Methods: Physician-reported registry of RMDs patients vaccinated against SARS-CoV-2. From 5 February 2021 to 3 March 2022, data were collected on demographics, vaccination, RMD diagnosis, immunomodulatory/immunosuppressive treatments and both early AEs and AEs of special interest. Data were analyzed descriptively.

Results: A total of 7625 patients from 31 different countries were included: 6870 with IJD (63.9% female, mean age 58.8 years), namely 3639 with RA, 1680 with axSpA, 1205 with PsA, 220 with pSpA and 126 with CA, and 755 with NI-RMDs (83.2% female, mean age 68.5 years). Main results are presented on Table 1. Most patients received a full scheme of vaccination (IJD: n=5964, 86.8%; NI-RMDs: n=612, 81.1%), and the most commonly administered vaccine was Pfizer/BioNTech (first dose: IJD n=4385, 63.8%; NI-RMDs n=534, 70.7%). AEs were observed less frequently in IJD than in NI-RMDs, including early AEs (vaccine reaction) (IJDs: n=3743, 54.5%; NI-RMDs: n=543, 71.9%) and AEs of special interest (IJDs: n=129, 1.9%; NI-RMDs: n=57, 7.5%). The pSpA group was an exception, presenting a higher rate of early AEs (n=185, 84.1%) and AEs of special interest (n=13, 5.9%). The overall rate of serious AEs was very low (IJD: n=22, 0.3%; NI-RMDs: n=19, 2.5%), and similar across IJDs. The serious AE included events of arrythmia, coronary heart disease, syncopes, arterial hypertension, telogen effluvium, eczema/rash, erythema nodosum, gengivitis, abdominal pain, lymphadenopathy, dyspnoea, pharyngitis exacerbation of asthma, thoracic pain, pulmonary embolism, herpes zoster and shingles. The registry being mainly dedicated to inflammatory RMDs, there was probably a bias favoring registration pf patients with mechanical RMDs having had AE. No deaths were reported and most patients recovered from the AE without sequelae.

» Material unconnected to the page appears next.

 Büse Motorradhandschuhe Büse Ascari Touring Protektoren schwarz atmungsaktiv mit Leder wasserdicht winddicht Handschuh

Conclusion: Serious AEs were infrequently reported in patients with RA, PsA, axSpA, pSpA and CA. The safety profile of SARS-CoV-2 vaccines in patients with IJDs is reassuring.

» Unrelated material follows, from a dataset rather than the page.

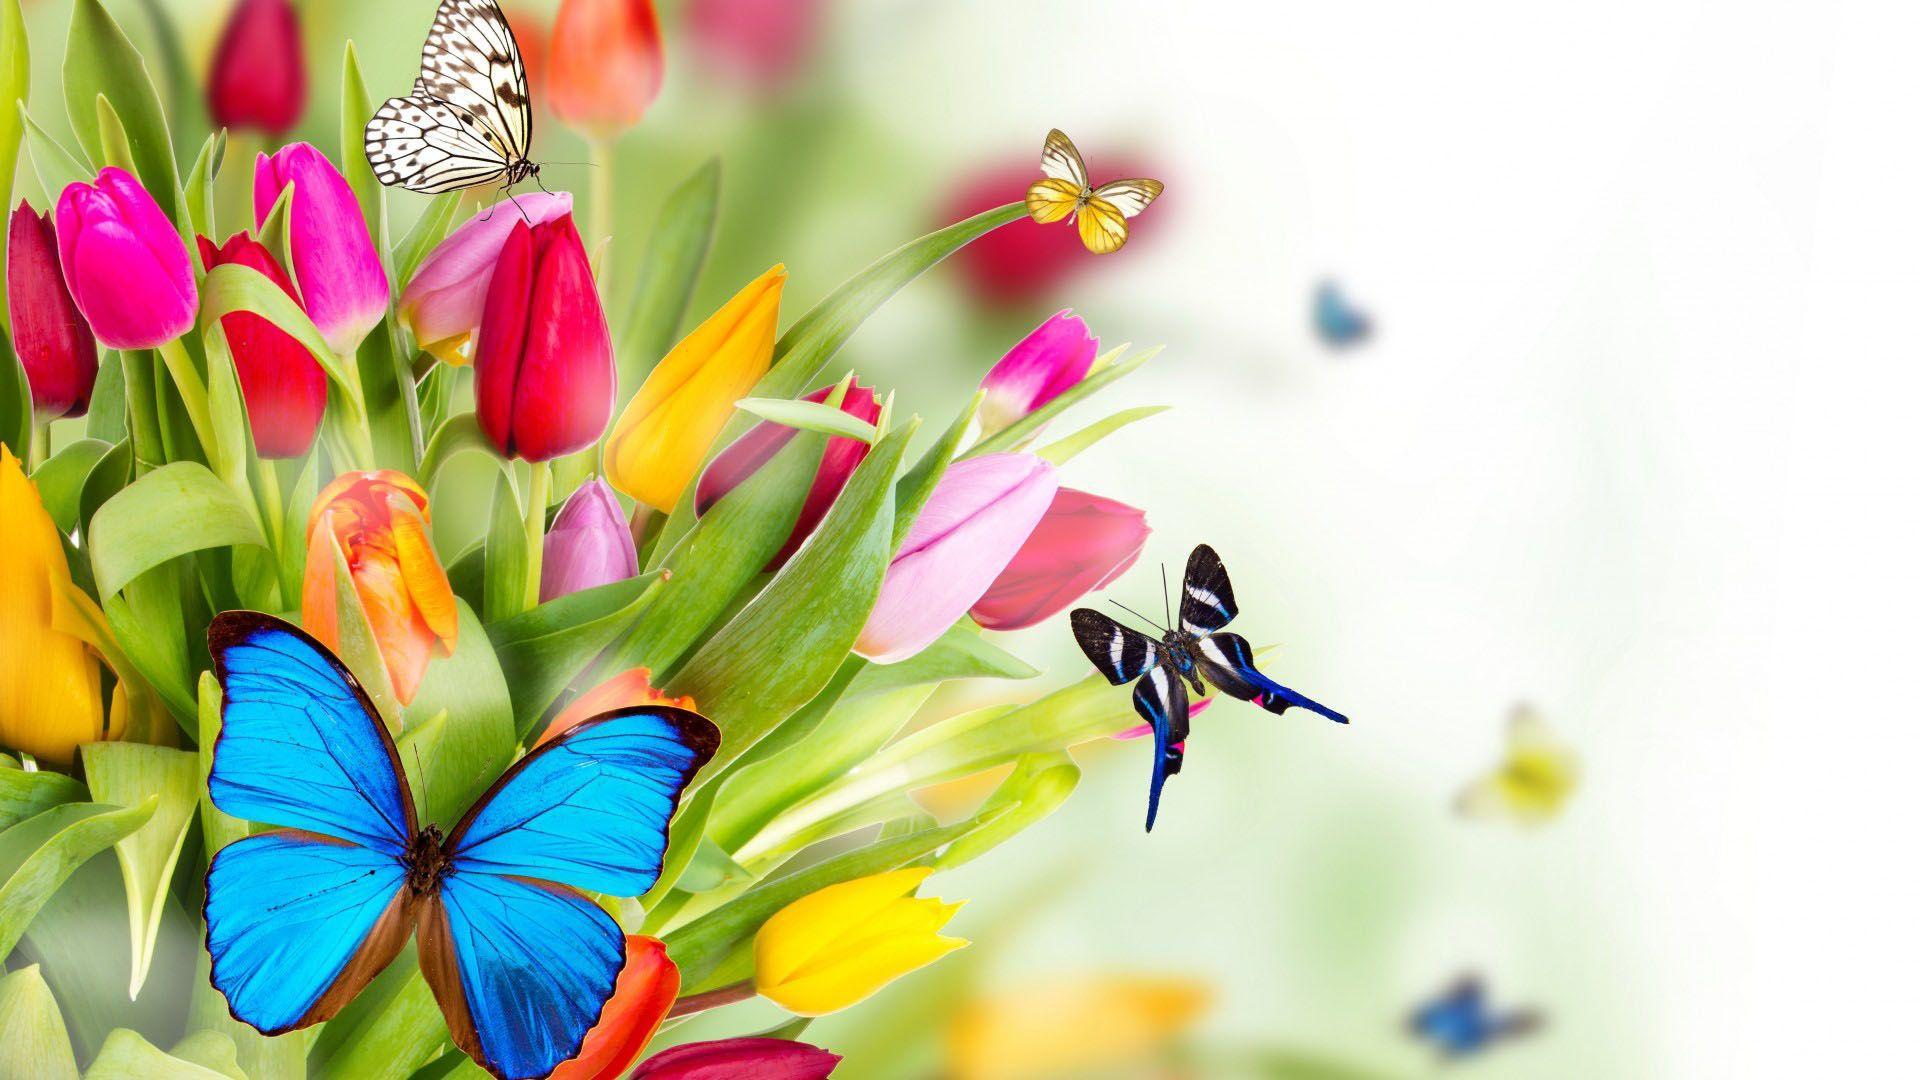 Beautiful Butterflies On Flowers HD 16 9

Table 1 Adverse events in patients with most common inflammatory joint diseases and non-inflammatory rheumatic and musculoskeletal diseases
Disclosures: A. Martins Fernandes, None; J. Gomez-Puerta, GSK, Galapagos, Pfizer, Janssen, Sanofi, AbbVie, Bristol Myers Squibb, Lilly, Novartis, MSD, Roche; J. Sarmiento-Monroy, None; S. Lawson-Tovey, None; K. Hyrich, AbbVie/Abbott, Pfizer, Bristol-Myers Squibb(BMS); L. Gossec, Amgen, Lilly, Pfizer, Sandoz, UCB Pharma, AbbVie, Bristol Myers Squibb, Gilead, Janssen, Novartis, Samsung Bioepis, Sanofi-Aventis, Galapagos, GlaxoSmithKlein (GSK), Celltrion, MSD; L. Carmona, None; A. Strangfeld, AbbVie/Abbott, Merck/MSD, Roche, Bristol-Myers Squibb(BMS), Pfizer; E. Mateus, None; A. Rodrigues, None; E. Hachulla, GlaxoSmithKline, Johnson & Johnson, Roche-Chugai, CSL Behring, Bayer, Boehringer Ingelheim, Sanofi-Genzyme; M. Mosca, None; P. Durez, AbbVie, Galapagos, Lilly; B. Raffeiner, None; N. Roux, None; V. Eric, None; O. Brocq, None; J. Zepa, AbbVie/Abbott, Novartis, Janssen, AstraZeneca; I. Bulina, AbbVie/Abbott, AstraZeneca, Janssen, Novartis; E. Strakova, None; V. Mlynarikova, None; E. Šteňová, None; M. Soubrier, None; X. Mariette, AstraZeneca, Bristol Myers Squibb, Galapagos, GSK, Novartis, Pfizer; P. Machado, AbbVie/Abbott, Eli Lilly, UCB, Novartis, Orphazyme, Galapagos.